The Guess Who started out as a local Winnipeg band formed by singer/guitarist Chad Allan in 1960 and initially called Al and the Silvertones. This was changed to Chad Allan & the Reflections in 1962, by which point the band consisted of Chad Allan (vocals/guitar), Bob Ashley (keyboards), Randy Bachman (guitars), Jim Kale (bass), and Garry Peterson (drums). All the band members were born in Winnipeg.

The band’s debut single (“Tribute To Buddy Holly”) was released on Canadian-American Records in 1962. Chad Allan and the Reflections then signed with Quality Records and released several flop singles in 1963/64, including one mis-credited to Bob Ashley & The Reflections.
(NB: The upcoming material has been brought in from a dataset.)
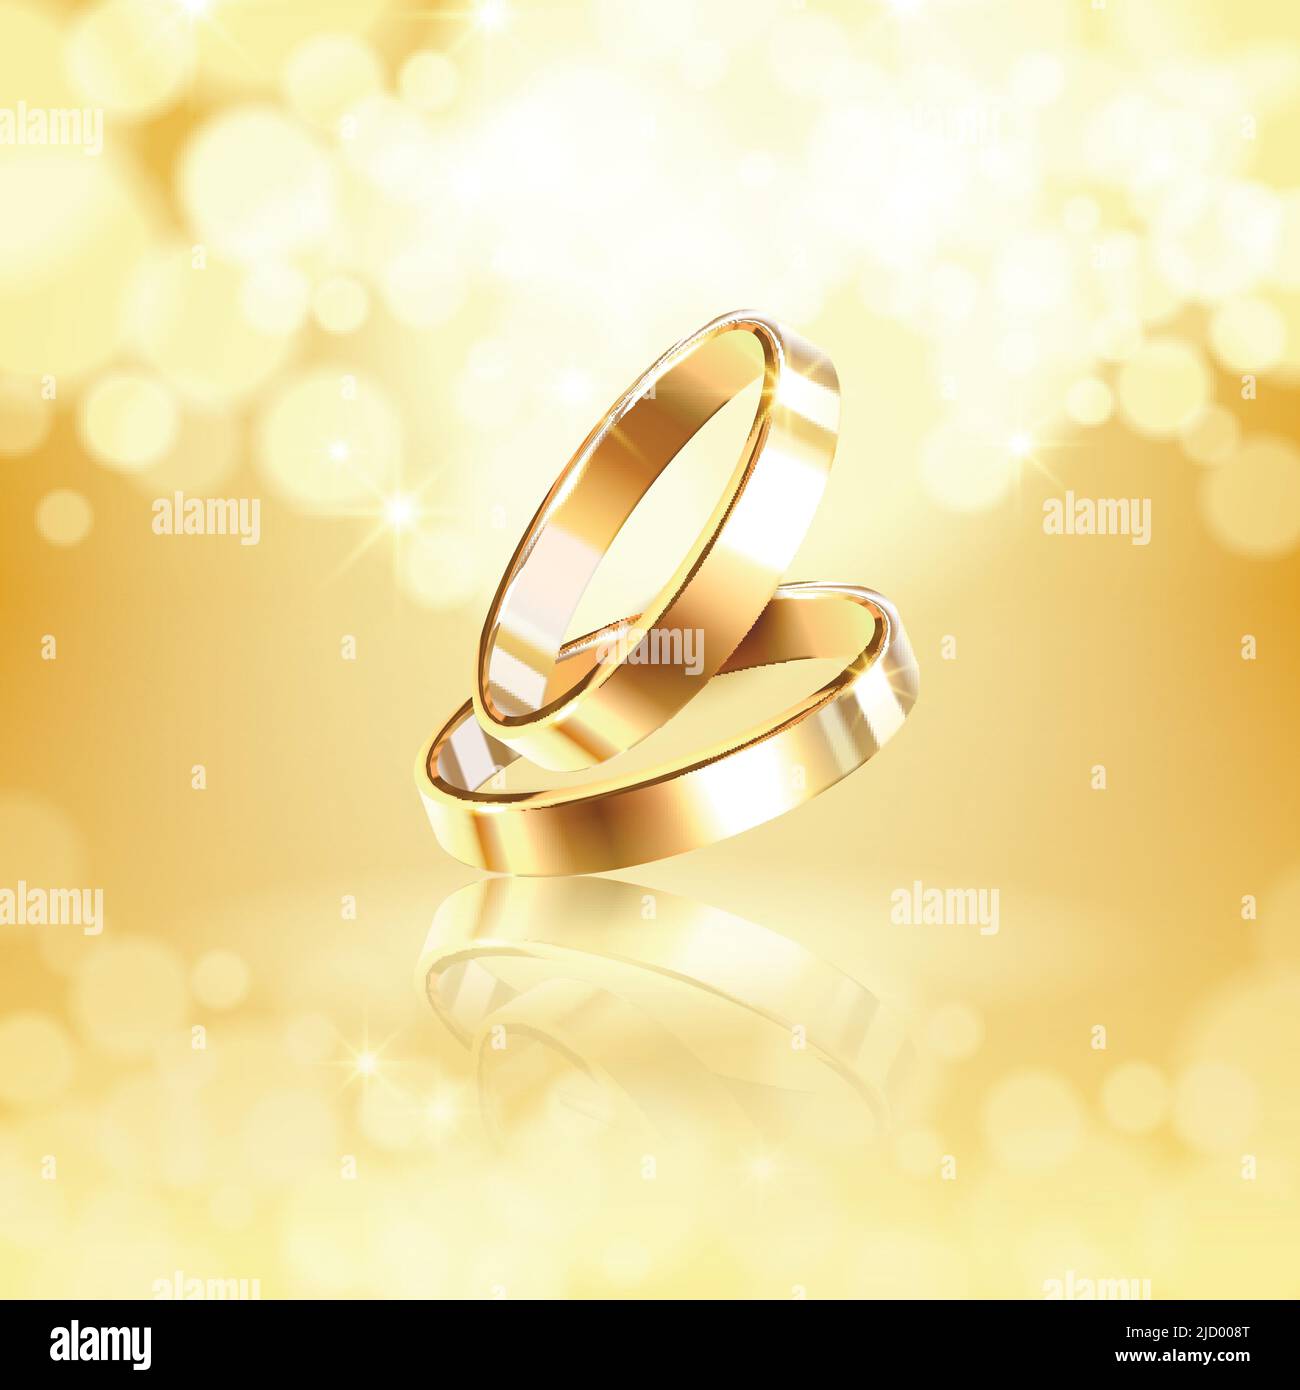 Luxuriöse goldene Komposition mit zwei glänzenden Eheringen auf glänzendem Hintergrund realistischer Vektor Illustration Stock Vektor

By 1965, the group was forced to change its name to Chad Allan & the Expressions after a U.S. group called The Reflections had scored a hit with “Just Like Romeo & Juliet”.

It was at this point that the band scored their first hit, a 1965 rendition of Johnny Kidd & the Pirates’ “Shakin’ All Over”. This track reached #1 in Canada, #22 in the U.S., and #27 in Australia. However, in an attempt to build a mystique around the record, Quality Records credited the single only to “Guess Who?” It was hoped that some listeners might assume the “Guess Who?” identity was deliberately masking several famous performers working under a pseudonym — given the “beat group” nature of the record, perhaps even members of The Beatles and/or other popular British Invasion bands.

It is debatable as to whether anyone was really fooled by this ruse, or if the record would have been a hit regardless of the artist credit. But the upshot was that, even after Quality Records revealed the band was “really” Chad Allan & The Expressions, disc jockeys still announced the group as Guess Who?, effectively forcing the band to rename themselves. So although singles were issued as being by “Guess Who?”, on their first two albums, the band was credited as both “Guess Who?” and “Chad Allan & The Expressions”.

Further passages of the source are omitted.